You should start selling carbon filters. 1 to 2 cu/ft units will at least tripple the life of the media. Chlorine is the #1 cause of media failure. I'll fix any softener but often times I can feel the piston and either rebuild it all or just replace it for the same money...plus the new softener of course. Rock, I like that head.....very low hit on the pressure with the proflo....infact it's the exact same as the 7000's


----------



## PLUMBER_BILL

rocksteady said:


> I've never had a head that wouldn't come off, even in a cabinet model. I'll unhook the drain and brine lines and then give it a few good whacks.
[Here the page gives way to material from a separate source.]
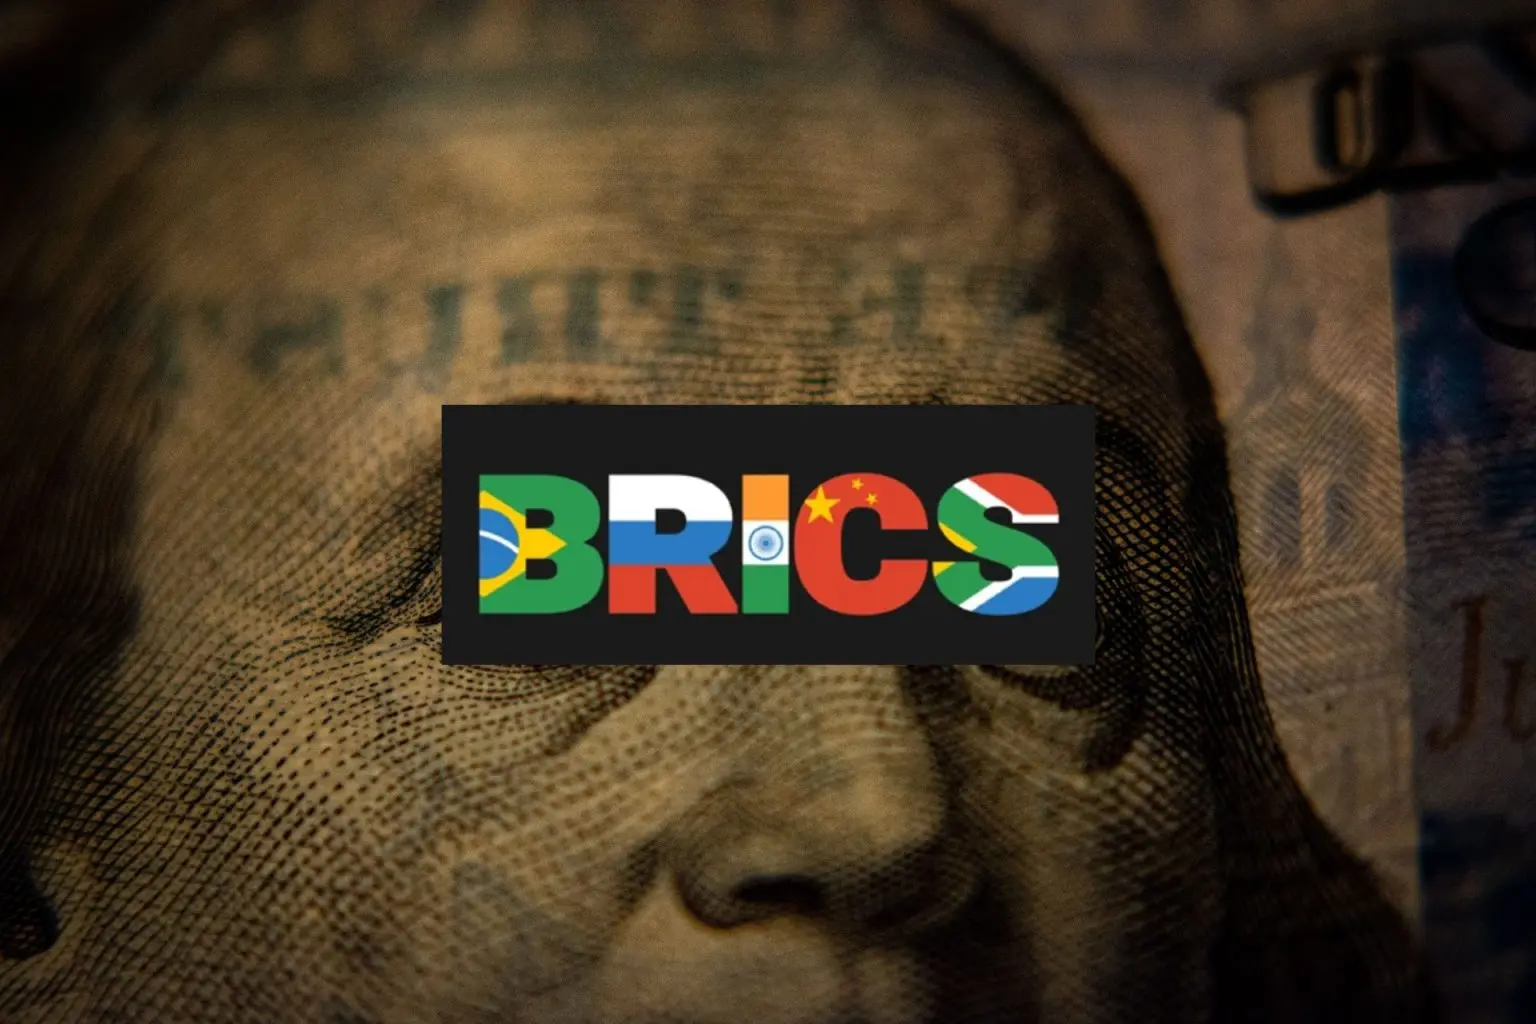 brics-us-dollar-bill-1536x1024.jpg.webp

It usually spins the mineral tank around though, sometimes a few full revolutions before the head breaks free but it always comes off.. I'd be interested in seeing your strap wrench Bill. It might make some of these cabinet models less frustrating.
> 
> Ok I dug up the wrench ... I made it from a piece of 1" pipe. I ground a slit in the end [bottom]. In the top I brazed in a socket so I can use a ratchet or a breaking bar for leverage.
> 
> Photo [1] shows tool in use [bucket] represents tank.
> Photo [2] shows full length w/breaking bar.
> Photo 3 shows business end with slit.
> To use you make a loop in the belt, insert the loop on the inside of the pipe. Wind a couple of turns [6 or so] then insert the loose end in the roll of the strap and wind it up. It really can pull tight. The direction you want to turn the item [clockwise or counter clockwise] is determined by which way you start the wind and how you tuck in the loose end.


----------



## Richard Hilliard

Tankless said:


> You should start selling carbon filters. 1 to 2 cu/ft units will at least tripple the life of the media. Chlorine is the #1 cause of media failure. I'll fix any softener but often times I can feel the piston and either rebuild it all or just replace it for the same money...plus the new softener of course. Rock, I like that head.....very low hit on the pressure with the proflo....infact it's the exact same as the 7000's


 
That is correct. We rarely sell softners, we sell the coconut carbon filters.We have a lot of clients that cannot drink soften water due to high blood pressure and heart issues. We are not fans of osmosis systems that need to be installed in order to get rid of the sodium.


----------